16. CAP Theorem
Let's learn about the CAP theorem and its usage in distributed systems.
We'll cover the following
Background#
In distributed systems, different types of failures can occur, e.g., servers can crash or fail permanently, disks can go bad resulting in data losses, or network connection can be lost, making a part of the system inaccessible. How can a distributed system model itself to get the maximum benefits out of different resources available?
Definition#
CAP theorem states that it is impossible for a distributed system to simultaneously provide all three of the following desirable properties:
Consistency ( C ): All nodes see the same data at the same time. This means users can read or write from/to any node in the system and will receive the same data. It is equivalent to having a single up-to-date copy of the data.

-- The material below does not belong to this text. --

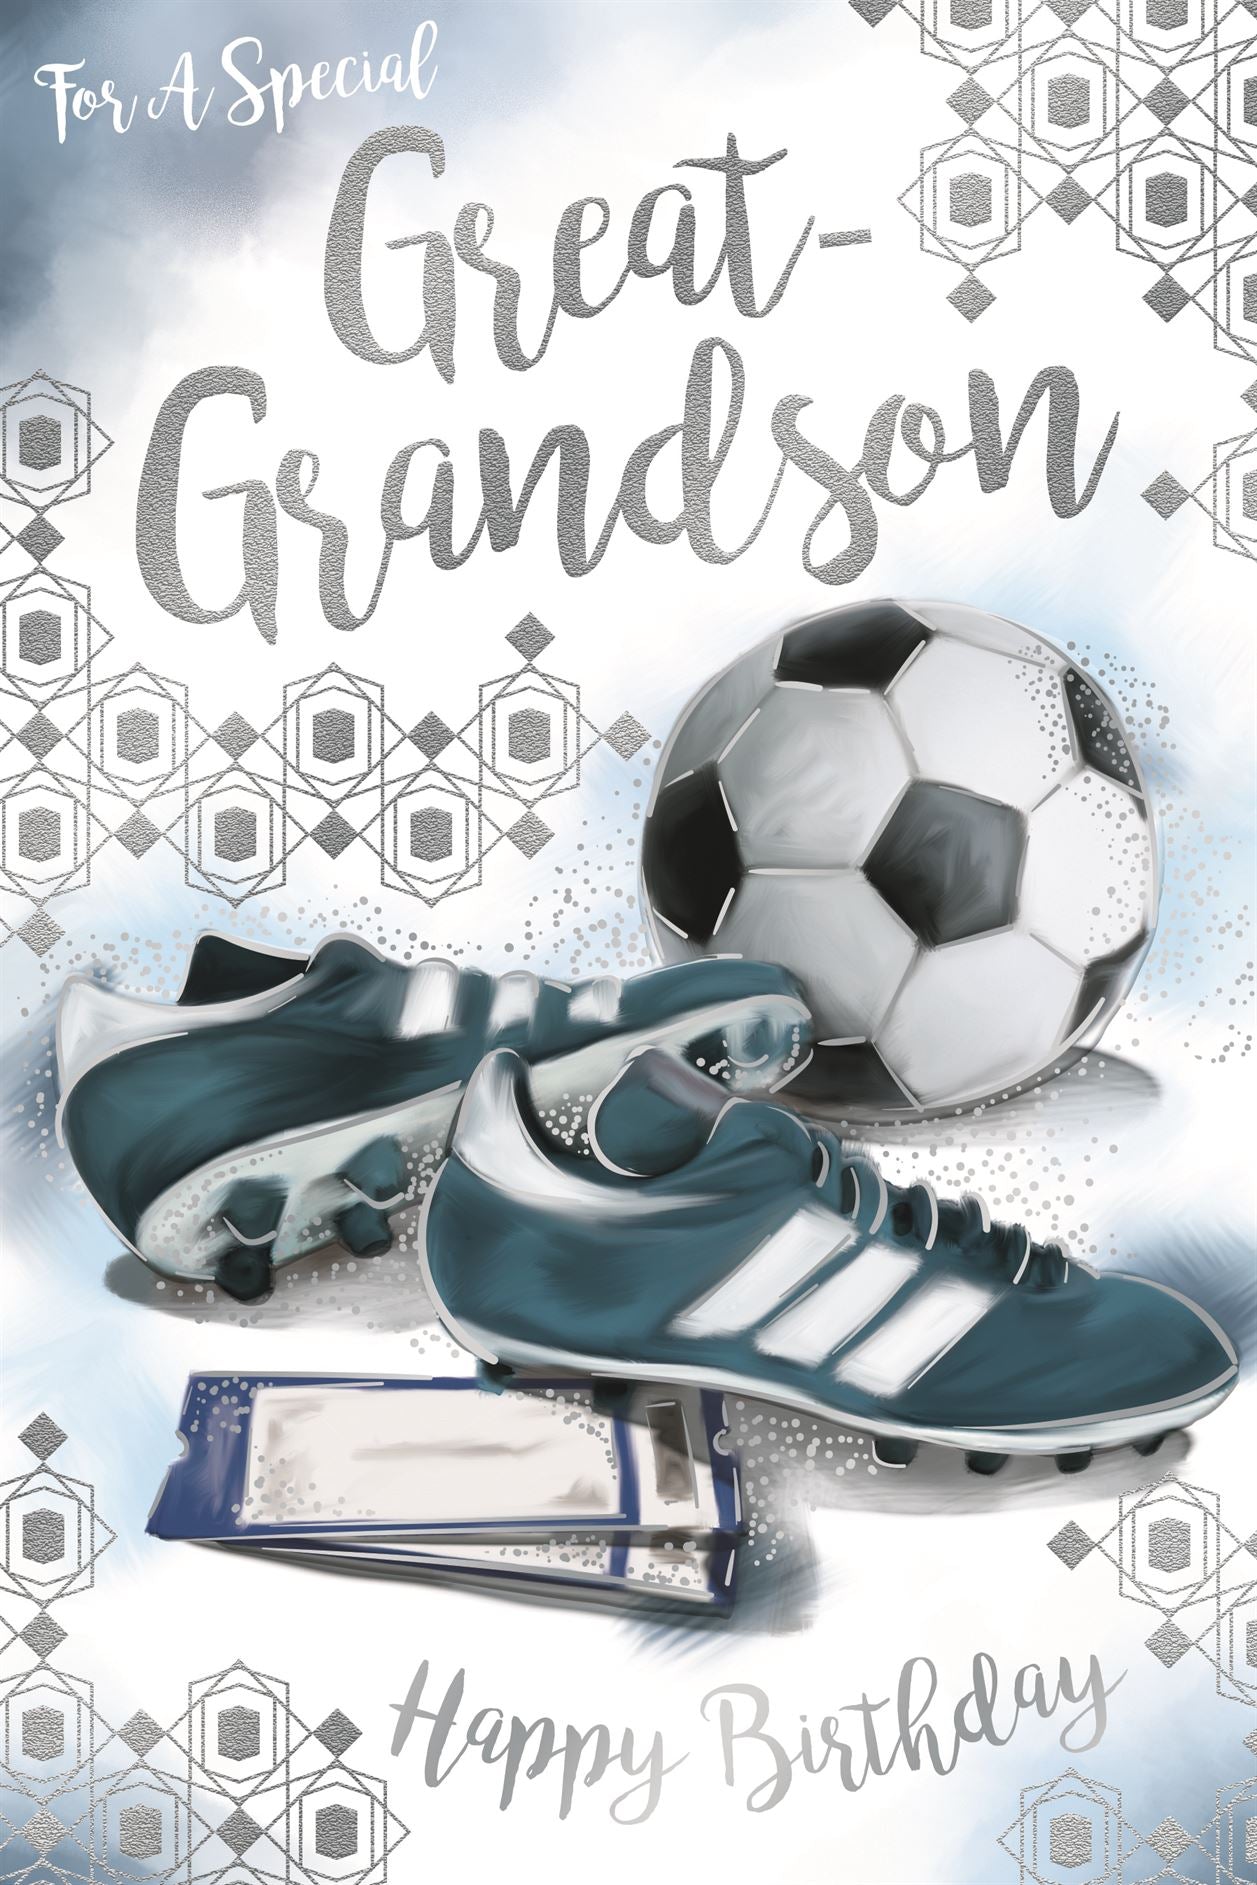 Great Grandson birthday card - football

Availability ( A ): Availability means every request received by a non-failing node in the system must result in a response. Even when severe network failures occur, every request must terminate. In simple terms, availability refers to a system’s ability to remain accessible even if one or more nodes in the system go down.
Partition tolerance ( P ): A partition is a communication break (or a network failure) between any two nodes in the system, i.e., both nodes are up but cannot communicate with each other. A partition-tolerant system continues to operate even if there are partitions in the system. Such a system can sustain any network failure that does not result in the failure of the entire network. Data is sufficiently replicated across combinations of nodes and networks to keep the system up through intermittent outages.
Solution#
According to the CAP theorem, any distributed system needs to pick two out of the three properties. The three options are CA, CP, and AP. However, CA is not really a coherent option, as a system that is not partition-tolerant will be forced to give up either Consistency or Availability in the case of a network partition. Therefore, the theorem can really be stated as: In the presence of a network partition, a distributed system must choose either Consistency or Availability.
Examples#
Dynamo: In CAP theorem terms, Dynamo falls within the category of AP systems and is designed for high availability at the expense of strong consistency. The primary motivation for designing Dynamo as a highly available system was the observation that the availability of a system directly correlates to the number of customers served.
BigTable: In terms of the CAP theorem, BigTable is a CP system, i.e., it has strictly consistent reads and writes.